Take the defaults on the “Document root” value and select the “Next” button.

Select an IP address and enter a value of 443 into the “Port” field. Select the “Next” button.

Take the default for the “access log” setting and select the “Next” button.

Take the default for the time to keep the log files and select the “Next” button.

Review the summary of the instance you are about to create and select the “Finish” button.

Next, make sure you are in the “Manage” tab and the “Http Servers” tab and that the correct server is selected, the click the “Edit Configuration File” link.

Enter the below text into the text area in the browser on the “Edit Configuration File” page and select the “Apply” button.


LoadModule ibm_ssl_module /QSYS.LIB/QHTTPSVR.LIB/QZSRVSSL.SRVPGM
Listen 172.29.141.159:443
SetEnv HTTPS_PORT 443
SSLEngine On
SSLAppName SSL_APP1
DocumentRoot /www/secure1/htdocs
CGIConvMode %%EBCDIC/EBCDIC%%
ScriptAliasMatch ^/MYRXS/(.*) /qsys.lib/MYRXS.lib/$1.pgm
<Directory /qsys.lib/MYRXS.lib>
allow from all
order allow,deny
options +ExecCGI
</Directory>

Stop and start your Apache server instance with the buttons in the upper left of the page. Make sure the HTTP instance is fully stopped before starting it by using the blue refresh button (note, it shouldn’t have already been started unless you started it).
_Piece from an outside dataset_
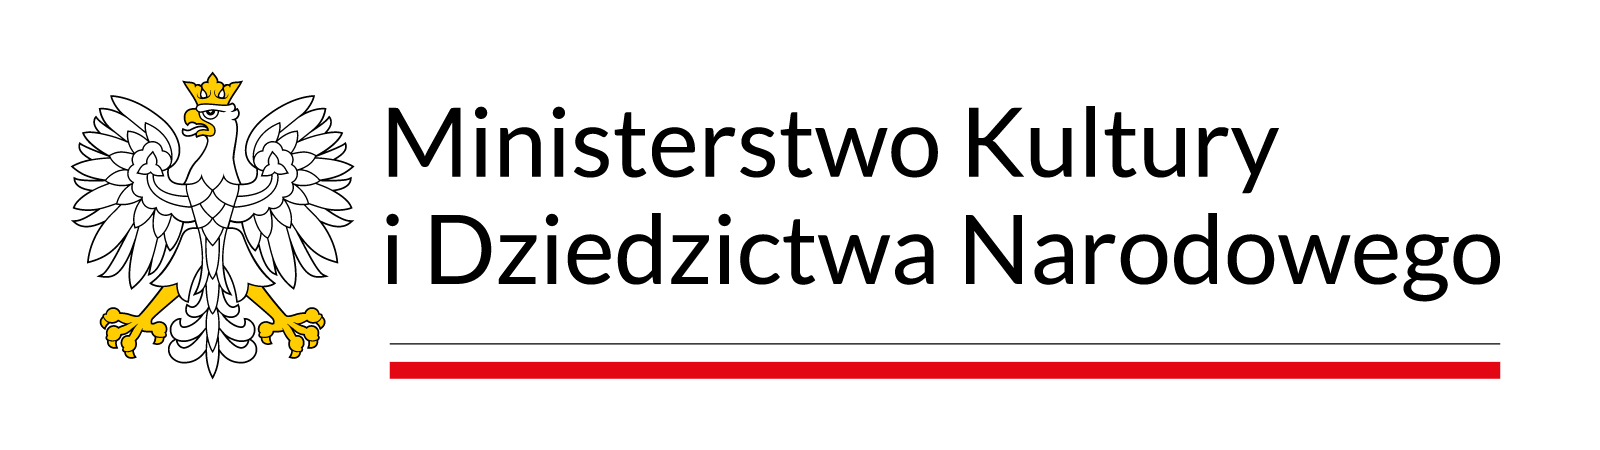 logo Ministrstwa Kultury

Open up another browser tab and enter this address: https://YourIBMIP/myrxs/rxs1 where YOURIBMIP is the IP of your IBM i. Note that by default, the browser will go to port 443 when we specify https.

Because the Apache instance we created isn’t a “trusted” Certificate Authority it will inform you that the connection is not currently secured. Because your certificate is self-signed, your web browser doesn’t know to trust it by default. Go ahead and accept the certificate. The method of accepting the certificate is different based on the browser. Below you can see how it is done in FireFox:

You should now be able to view the web service programs without an error message.